Inovio’s balance sheet and statement of
operations are provided below. The Form 10-Q providing the complete
2017 third quarter financial report can be found at:
http://ir.inovio.com/investors/financial-reports/default.aspx.
Corporate Update
Cancer Immunotherapies
VGX-3100: Cervical Pre-Cancer (Phase 3)
In June, Inovio commenced its phase 3 clinical
program to evaluate the efficacy of Inovio’s DNA-based
immunotherapy, VGX-3100, to treat cervical dysplasia caused by
human papillomavirus (HPV). In a little over three months since
trial initiation, Inovio has opened nearly 35 sites, recruiting and
dosing patients. The company is on track to open at least 50 sites
by the end of the year.
VGX-3100: Vulvar Pre-Cancer (Phase 2)
In April, Inovio commenced a randomized,
open-label phase 2 trial to evaluate the efficacy of VGX-3100 in
women with high-grade HPV-related vulvar high-grade intraepithelial
lesions (HSIL), a disease with a high unmet medical need. The
primary endpoint of the study is histologic clearance of high-grade
lesions and virologic clearance of the HPV virus in vulvar tissue
samples. The study will also evaluate safety and tolerability.
There are 10 sites in the U.S. open and recruiting patients.
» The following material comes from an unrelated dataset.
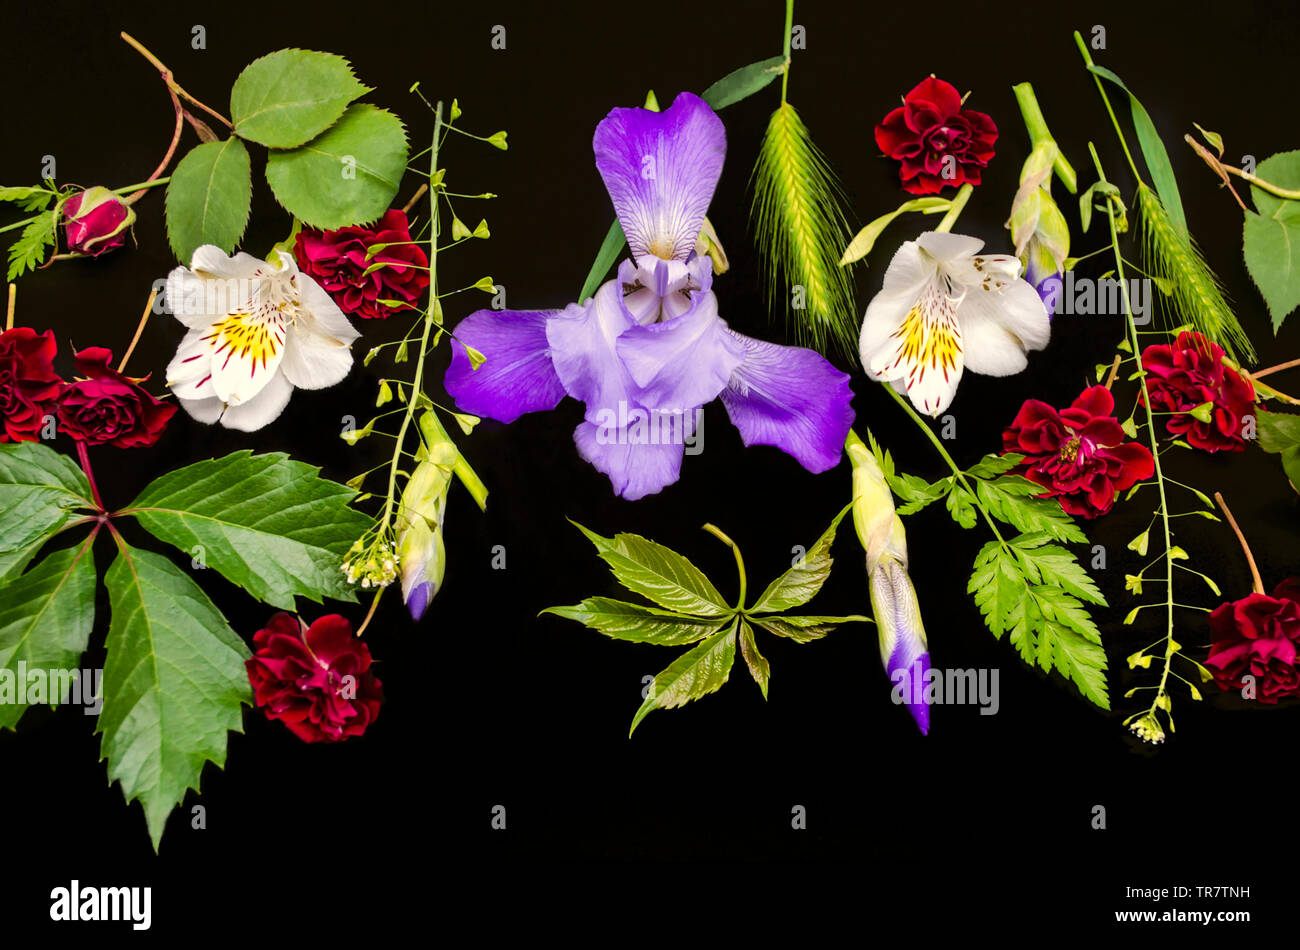 Purple iris with buds, Alstroemeria, small roses, wild grape leaves with various field herbs on black background Stock Photo

MEDI0457: HPV-Related Head & Neck Cancer
(Phase 1/2)
In May, Inovio announced that MedImmune,
AstraZeneca’s global biologics research and development arm,
commenced a new clinical trial investigating the combination of
MEDI0457 (formerly INO-3112, in-licensed from Inovio), an
immunotherapy designed to generate antigen-specific killer T cell
responses targeting HPV-associated tumors, and durvalumab
(IMFINZI™), MedImmune’s PD-L1 checkpoint inhibitor. The combination
trial will enroll patients with metastatic HPV-associated squamous
cell carcinoma of the head and neck (SCCHN) with persistent or
recurrent disease after chemotherapy treatment. This study marks a
significant moment for Inovio as it transitions into a late-stage
biotechnology company. MedImmune is investigating elevating the
response rate of checkpoint inhibitors by using durvalumab in
combination with a DNA plasmid vaccine originally licensed from
Inovio, which has shown the ability to generate killer T cells.
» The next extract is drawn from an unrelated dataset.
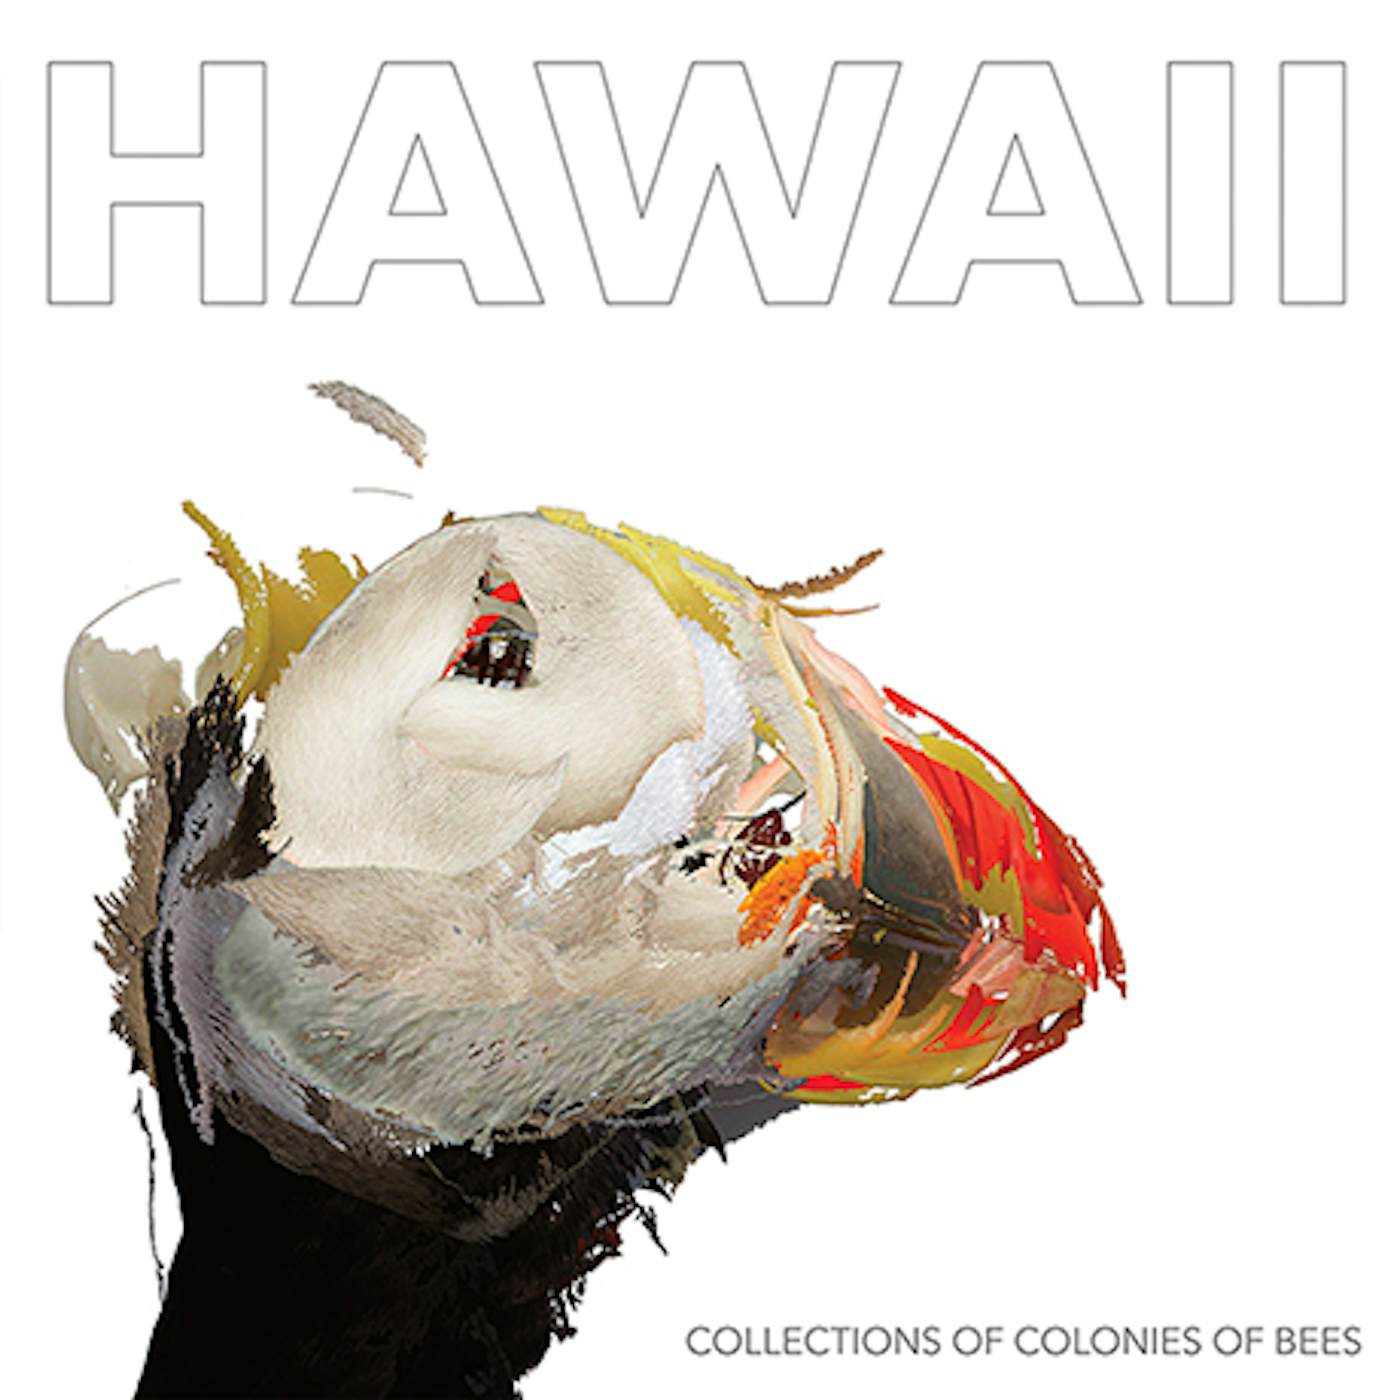 Collections Of Colonies Of Bees HAWAII (Garage Sale)

INO-5401: Metastatic bladder cancer phase 1/2
trial initiated in combination with Genentech’s TECENTRIQ®
In October, Inovio initiated a phase 1b/2
immuno-oncology trial to evaluate Genentech/Roche’s atezolizumab
(TECENTRIQ®) in combination with Inovio’s INO-5401, a T cell
activating immunotherapy encoding multiple antigens, and INO-9012,
an immune activator encoding IL-12. The multi-center, open-label
efficacy trial will be managed by Inovio, and Genentech will supply
atezolizumab. The trial is evaluating the safety, immune response
and clinical efficacy of the combination therapy in approximately
80 patients with advanced bladder cancer, specifically advanced
unresectable or metastatic urothelial carcinoma (UC), the most
common type of bladder cancer. The majority of the patients to be
enrolled in the trial will have previously received and failed to
demonstrate meaningful response to an anti-PD-1 or PD-L1 checkpoint
inhibitor alone. Thus, the study will evaluate the potential
benefit of a checkpoint inhibitor combined with a DNA-based
immunotherapeutic and T cell activator within a bladder cancer
patient population with very limited treatment options and poor
outcomes.
INO-5401: Glioblastoma phase 1/2 trial initiated
in combination with Regeneron’s PD-1 inhibitor
In November, Inovio initiated a phase 1b/2a
immuno-oncology trial in patients with newly diagnosed glioblastoma
(GBM) designed to evaluate Regeneron’s PD-1 inhibitor, REGN2810, in
combination with Inovio’s INO-5401 and INO-9012. The open-label
trial of 50 patients will be conducted at approximately 30 U.S.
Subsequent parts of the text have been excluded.